Against this, it has been said that ". . . the jury should be informed of the legal effect of the apportionment of fault. Although this would call for a longer instruction and it
[ 287 Pa. Super. Page 413]
might compromise the control virtue of special verdicts, the jury, at least in 50% systems, [jurisdictions in which a plaintiff will not recover damages if his degree of negligence is 50% or more] should be made aware of the consequences of its own judgment." V. Schwartz, Comparative Negligence § 17.5, pp. 292-93. Other commentators have not limited their approval of informing the jury to 50% systems, but have extended it to all forms of comparative negligence, arguing that "blindfolding" the jury will result in jurors being confused and in the elimination of the jury's power to act equitably in reaching a verdict. See, e. g., Thode, Comparative negligence, contribution among tortfeasors, and the effect of a release -- A Triple Play by the Utah Legislature, 1973 Utah L.Rev. 406; Guinn, The Jury System and Special Verdicts, 2 St. Mary's L.J. 175 (1970); Comment, 1975 Utah L.Rev. 569.

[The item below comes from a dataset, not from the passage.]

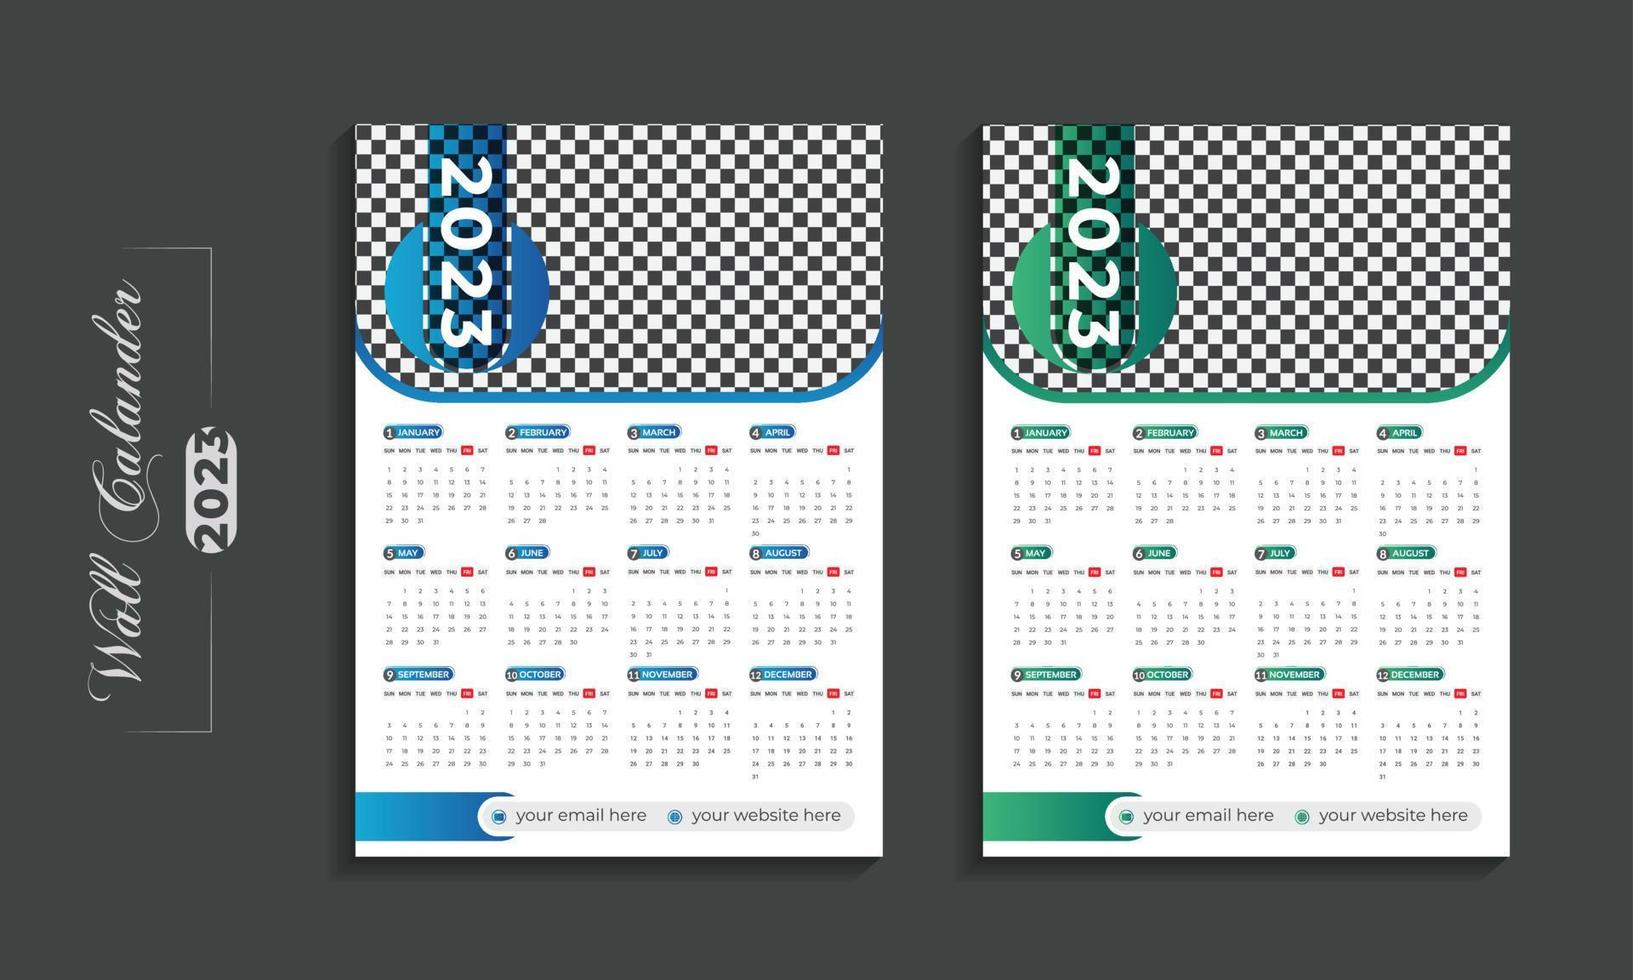 2023 moderne Wandkalender-Designvorlage für das neue Jahr vektor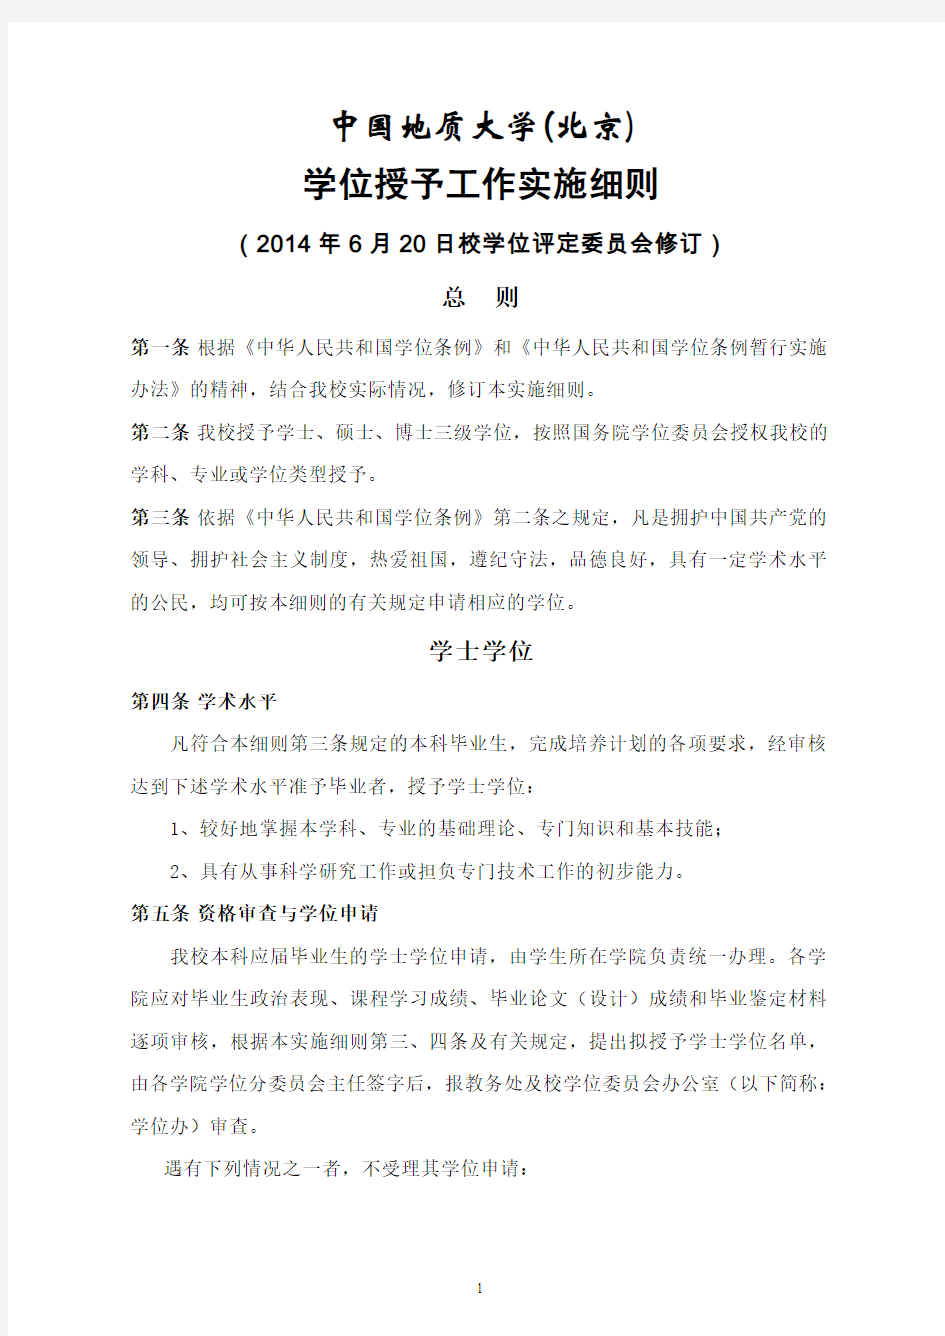 中国地质大学北京学位授予工作实施细则-康邦内容管理系统

We have concluded that the jury should be informed of the consequence of its apportionment of negligence. We regard such information as essential if the jury is to be able to apply the equitable considerations and arrive at the compromises that are an inherent part of the jury system. Prior to the enactment of the Comparative Negligence Act, the jury was instructed that if it found contributory negligence on the part of the plaintiff, it should not award damages but should find for the defendant. Brown v. Jones, 404 Pa. 513, 172 A.2d 831 (1961); Nelson v. Barclay Motors, Inc., 414 Pa. 633, 202 A.2d 48 (1964); Calhoun v. Jersey Shore Hospital, 250 Pa. Super. 567, 378 A.2d 1294 (1977). One may be sure that juries often disobeyed this instruction and engaged in an apportionment of the parties' negligence, making an award when in the jury's opinion justice required it, although in an amount somewhat diminished by the realization that at least to some extent the plaintiff had been negligent. Thus the jury deliberated knowing the consequence of its apportionment decision. The Comparative Negligence Act has simply brought this process out into the open. We see no reason why we should go farther, and require that now the jury must deliberate
[ 287 Pa. Super. Page 414]
without knowing the consequence of its apportionment decision. We note that our conclusion is the same as was reached by those who prepared Standard Jury Instruction Sec. 3.03, which informs the jury of the consequence of its apportionment decision, and which the trial judge in the present case read to the jury. We approve that instruction.
HESTER, Judge, concurring and dissenting:
I concur with that portion of the Opinion which holds that the jury should be informed of the consequence of its apportionment of negligence.
I dissent as to the portion of the Opinion which refuses to grant a new trial. I would grant a new trial as to the issues involved in the first day-light fall down. I would refuse to submit to a jury the issues involved in the second day light fall down which occurred on the same sidewalk five days following the first fall down. Appellee clearly assumed the risk.